Sur l'autoroute qui relie Bruxelles à Luxembourg, un panneau bien connu des automobilistes les salue à l'entrée de la province (belge) du Luxembourg. "Une ardeur d'avance", est-il annoncé, sous un sanglier pixellisé très vintage.

En poussant un peu plus loin, à la frontière du Grand-Duché, on pourrait imaginer une signalisation du même tonneau - "une innovation financière d'avance" - tant le pays s'est fait une spécialité d'être à la pointe de l'ingéniérie fiscale.
Alors que toute la communauté internationale s'active aujoud'hui à enrayer l'évasion fiscale (comme on l'a rapporté ici et ici), les milliers de financiers, fiscalistes et avocats luxembourgeois travaillent ferme à élaborer de nouvelles niches.
C'est presque une question existentielle. Depuis qu'il s'est mué d'un pays largement industriel en l'un des principaux centres financiers mondiaux, le Luxembourg se fixe pour ligne de conduite de dégainer le premier. C'est d'ailleurs en étant le premier pays européen à transposer une directive de 1988 qu'il est aujourd'hui un géant de l'industrie des fonds de placement (ici). A côté de la stabilité politique du pays (un peu secouée ces derniers temps), la rapidité des innovations financières est souvent citée comme le premier atout de la place luxembourgeoise.
Cette qualité ne lui fait pas défaut aujourd'hui que le pays est secoué par un vaste effort mondial anti-fraude fiscale. Avec la Suisse, le Luxembourg est l'une des cibles principales de l'offensive en cours. Les deux pays s'indignent - non sans arguments - d'être pointés du doigt alors que d'autres paradis fiscaux plus discrets ou plus puissants échappent à la vindicte. La City de Londres, Hong-Kong, l'Etat américain du Delaware sont quelques uns des centres financiers à passer entre les mailles du filet.
Mais le Luxembourg n'a pas pour habitude de rester sur la défensive. Sa classe politique et ses financiers - étroitement liés - ont entrepris de reprendre la main en adaptant à la sauce locale les meilleurs morceaux du modèle anglo-saxon. Le plus intéressant est le trust: cette structure juridique est particulièrement efficace pour contourner l'impôt, car elle dissimule le bénéficiaire final. Elle n'est pas une entité légale, mais un arrangement, ce qui lui permet de contourner bon nombre de règles anti-abus.

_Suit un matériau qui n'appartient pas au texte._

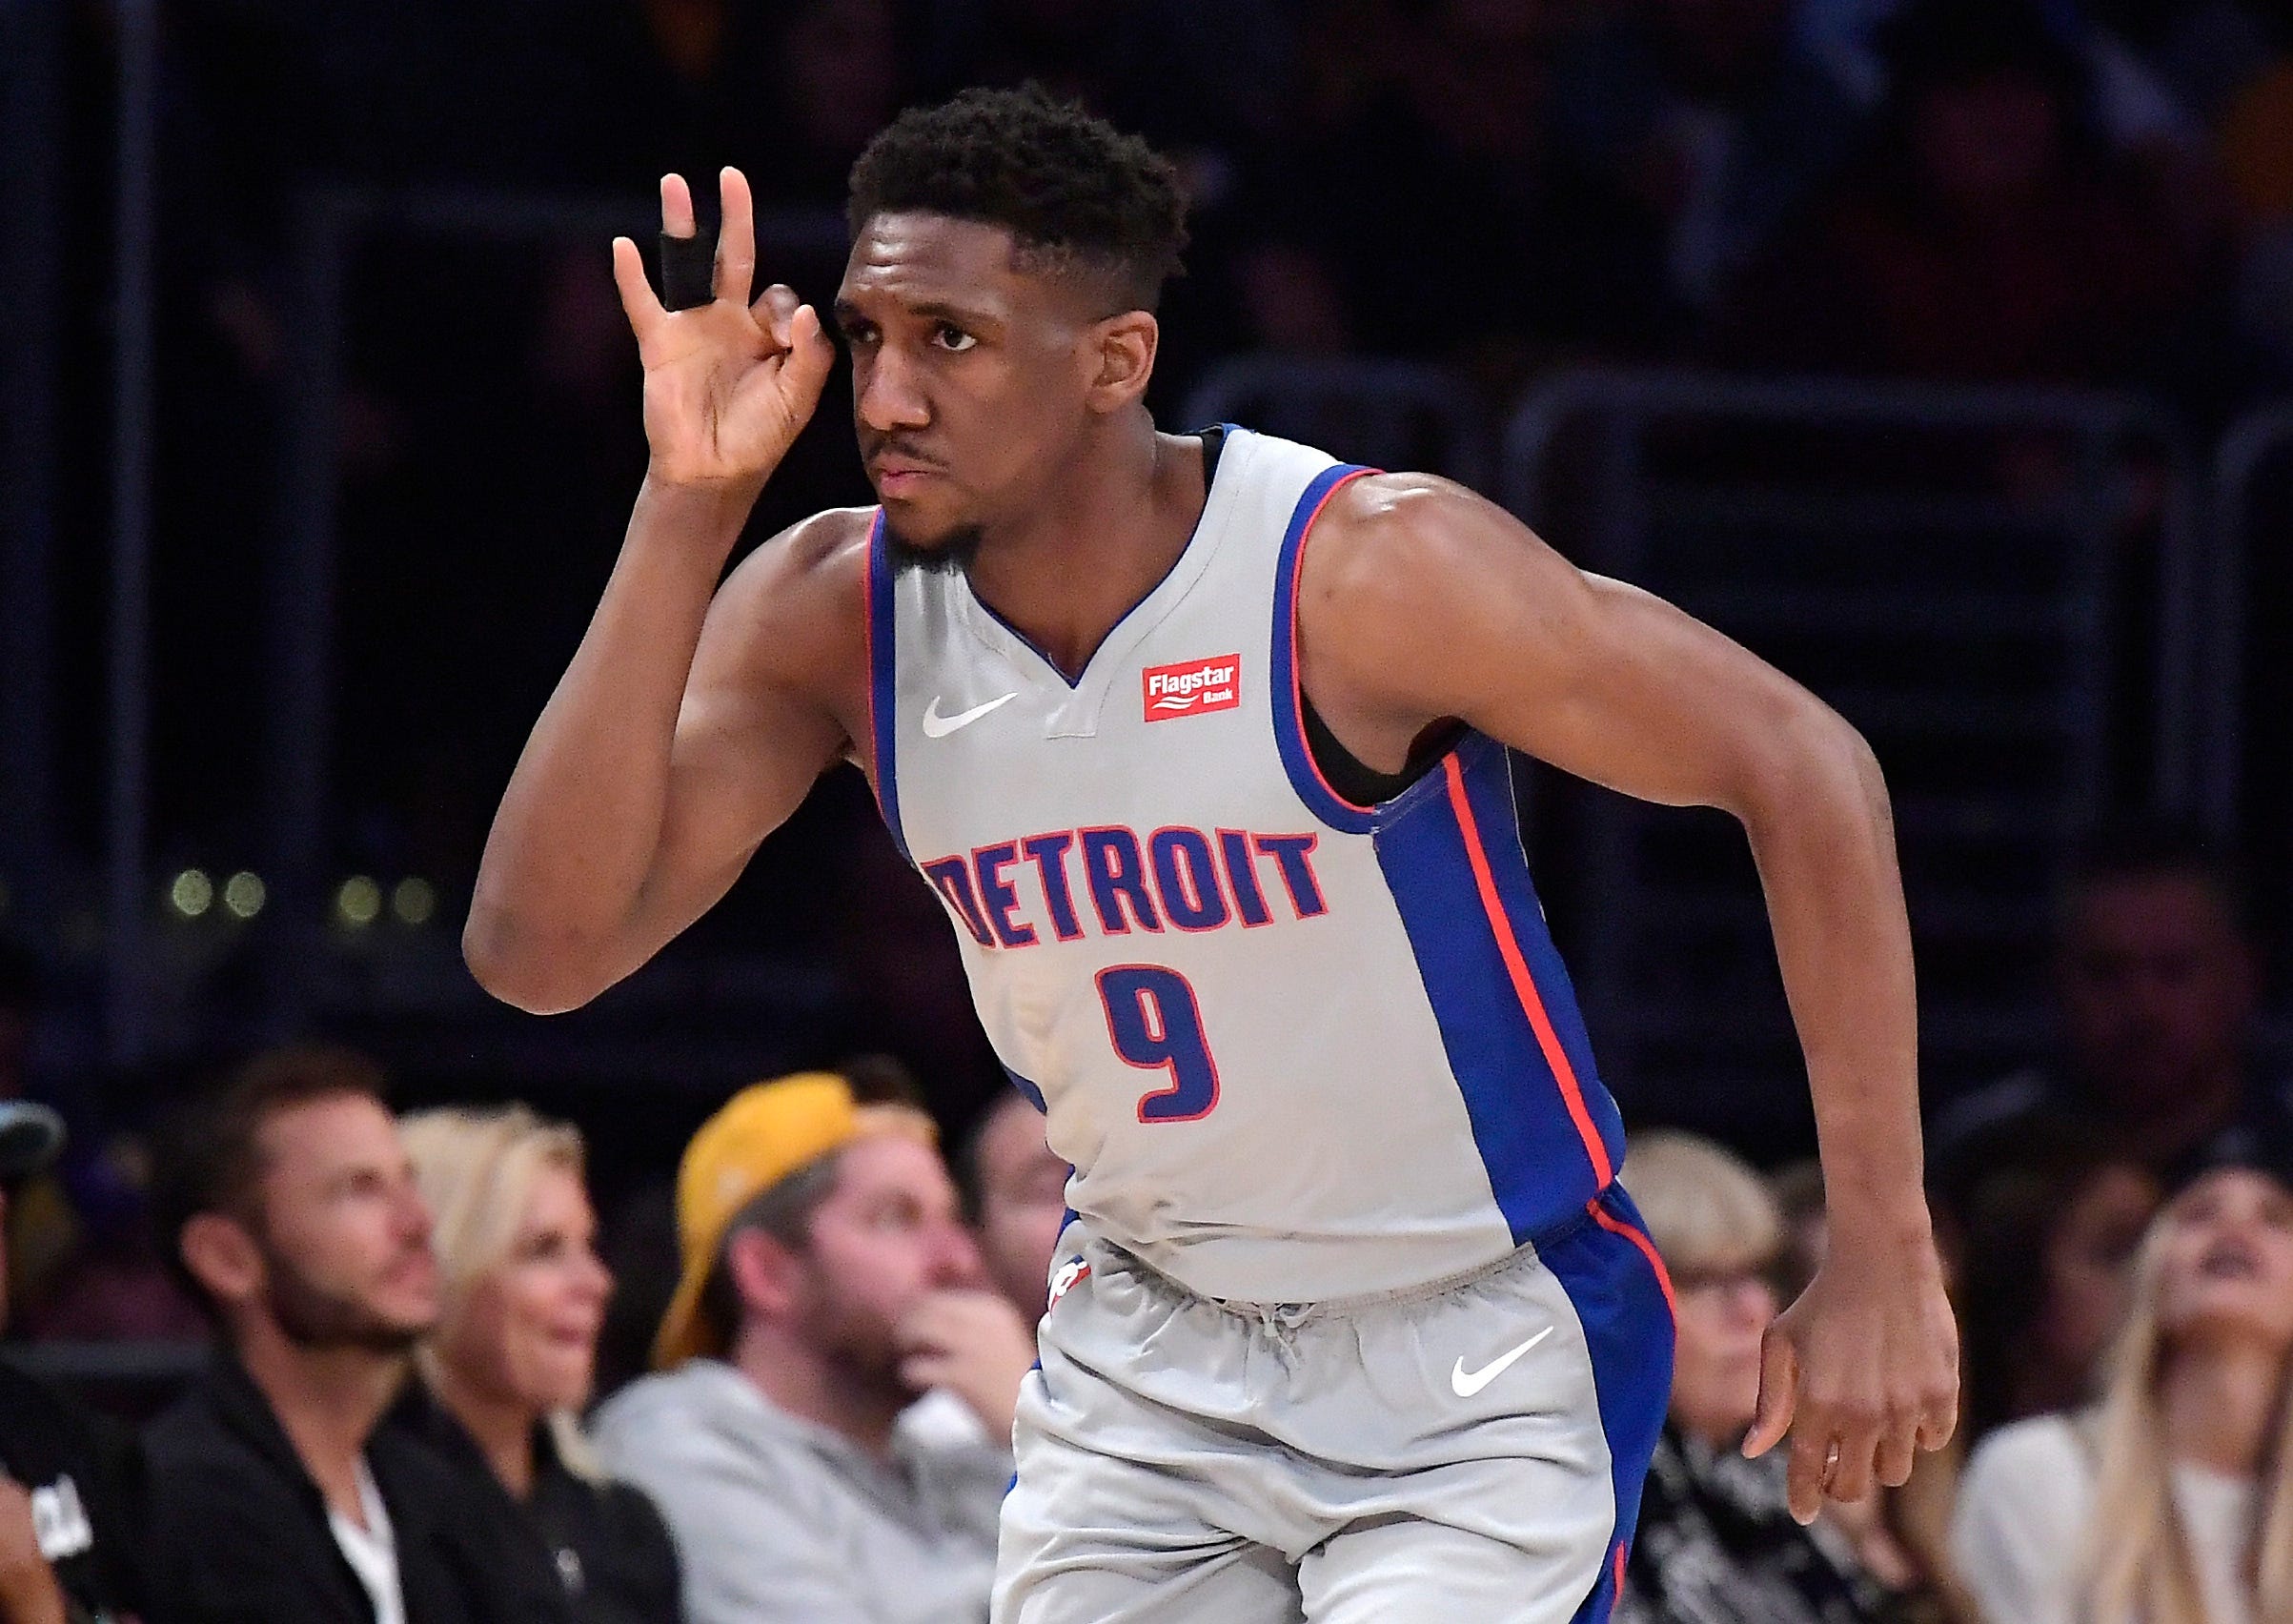 Detroit Pistons guard Langston Galloway gestures after hitting a 3-point shot during the second half.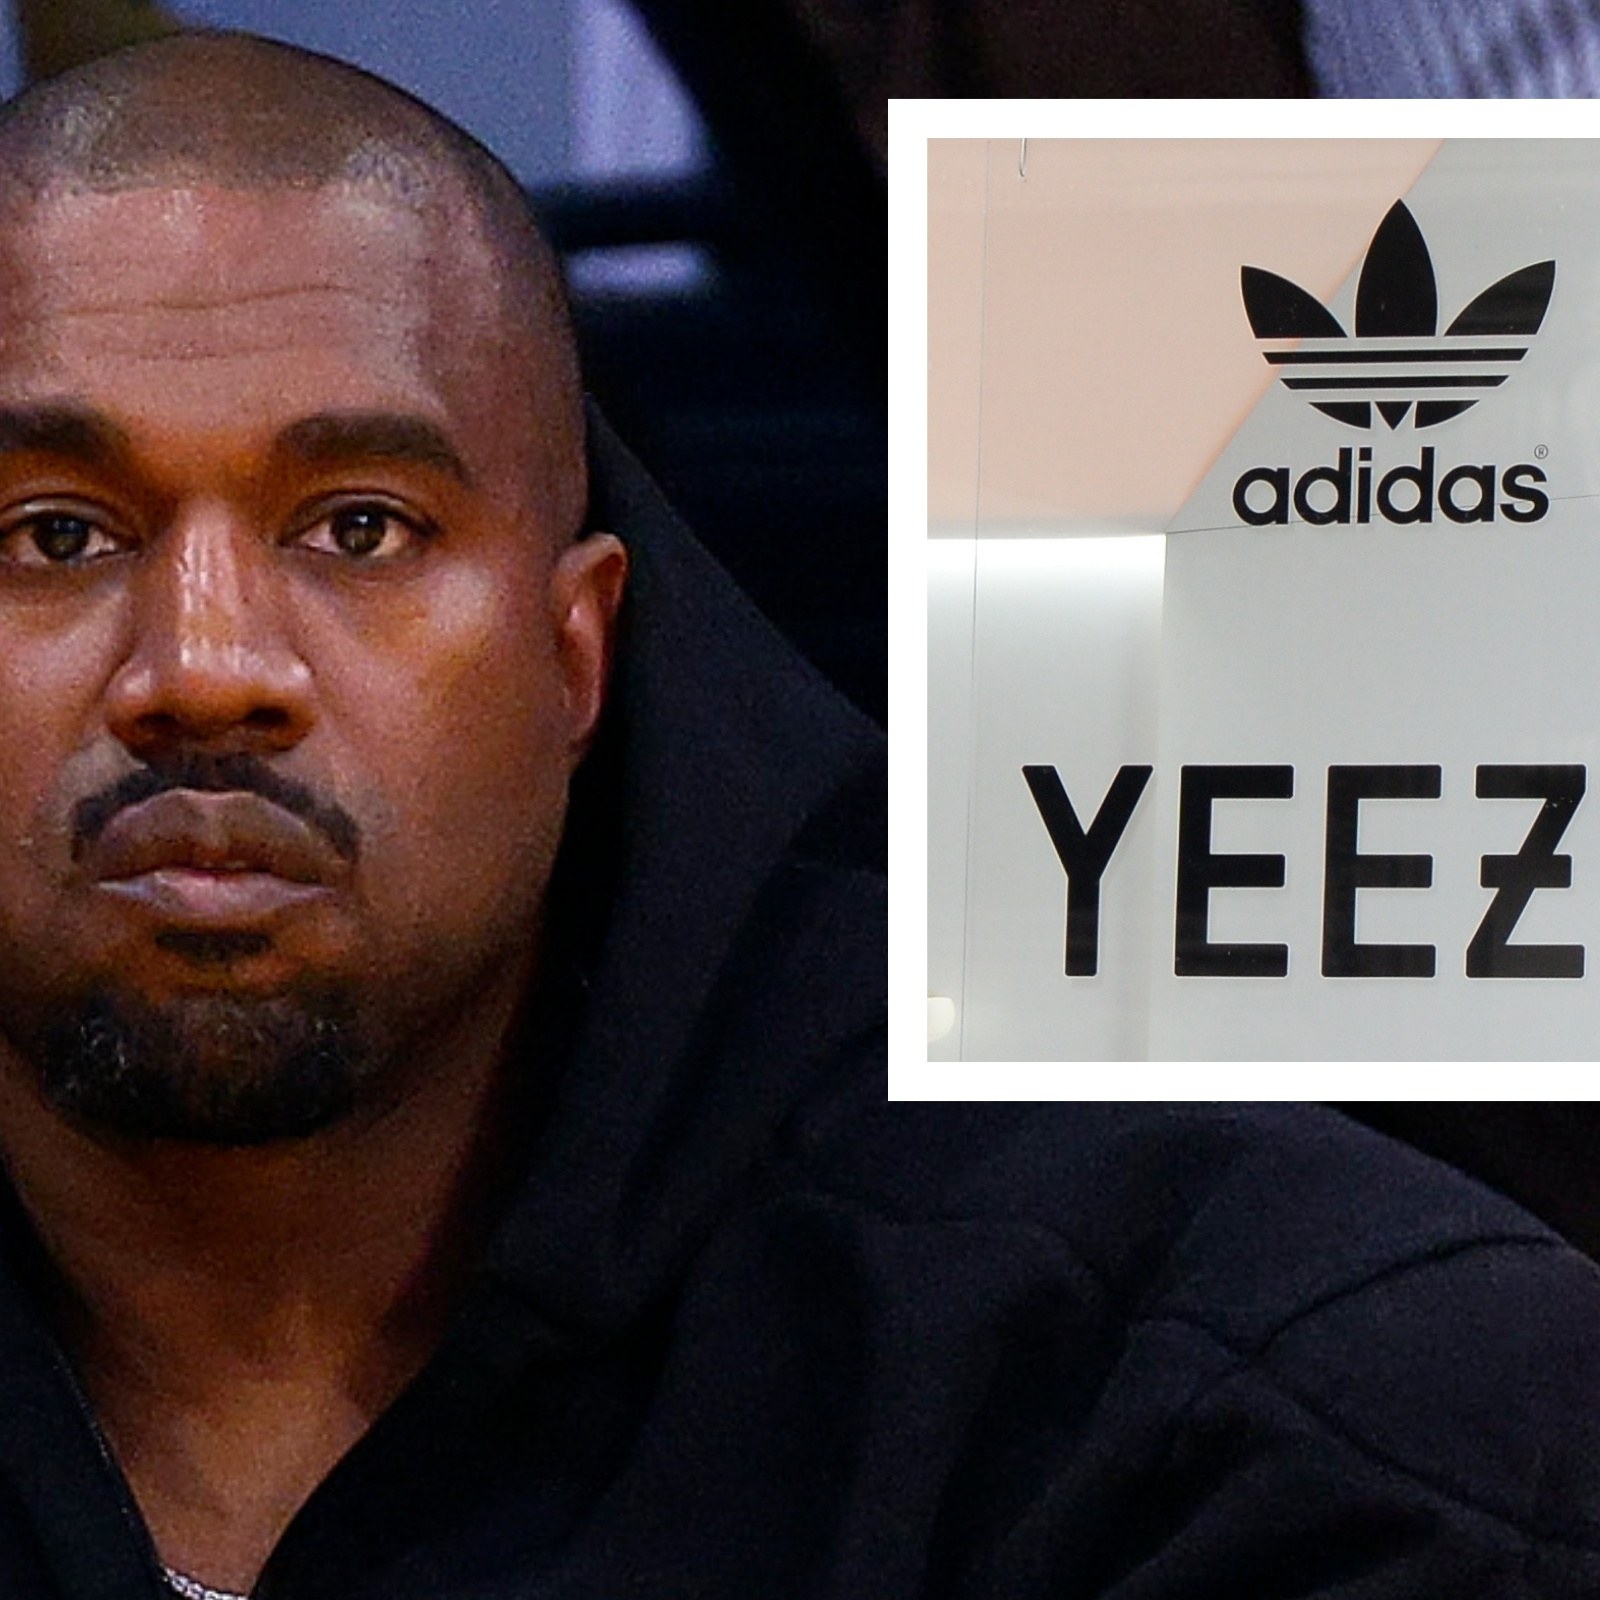 What's Next Kanye West's Brand as Adidas Copyright Continues

Au Luxembourg, les trusts prendront la forme de "fondations patrimoniales". Une loi sur le sujet est en voie d'adoption. La revue spécialisée PaperJam détaille dans cet article toutes les caractéristiques de ce nouveau régime, qui doit aussi concurrencer le modèle belge de la fondation, cher à la reine Fabiola. C'est d'ailleurs d'abord dans les pays voisins que le secteur financier luxemourgeois prospectera à la recherche d'une clientèle de personnes fortunées.
La fondation patrimoniale n'est pas la seule innovation en développement. Le Grand-Duché veut aussi refaire son coup de 1988 en comptant parmi les premiers à transposer la directive "AIFM" sur les hedge funds. Le ministre des Finances, Luc Frieden, ne cache pas ses intentions: "Un cadre réglementaire compétitif étant essentiel pour l'attractivité du pays, le gouvernement a ajouté des dispositions fiscales attrayantes", a-t-il dit récemment au parlement. Dispositions parmi lesquelles on retrouve la limited partnership, autre importation anglo-saxonne.
Autre axe de développement de la place financière luxembourgeoise: le renminbi offshore. De la même manière qu'il fut un pionnier dans le développement du marché des dollars offshore au milieu du siècle dernier (déjà à des fins fiscales, lire ici), le Luxembourg veut devenir la place de référence pour les transactions étrangères dans la monnaie chinoise. Une site internet vient d'être dédié à cette ambition.
Il me revient aussi que le pays cherchait à répliquer les intérêts notionnels, un régime belge de détaxation massive qui a permis d'attirer les centres de financement des multinationales. De discrètes consultations sont en cours sur le sujet.
Bref, le Luxembourg n'a aucunemement l'intention d'être la victime de la refonte en cours du paysage financier. Rien de surprenant, en somme. La lutte contre l'évasion fiscale a toujours été un grand jeu entre voleurs et gendarmes. Mais s'ils veulent être efficaces, ceux-ci seraient bien inspirés de tenir à l'oeil ce qui se fait au Grand-Duché.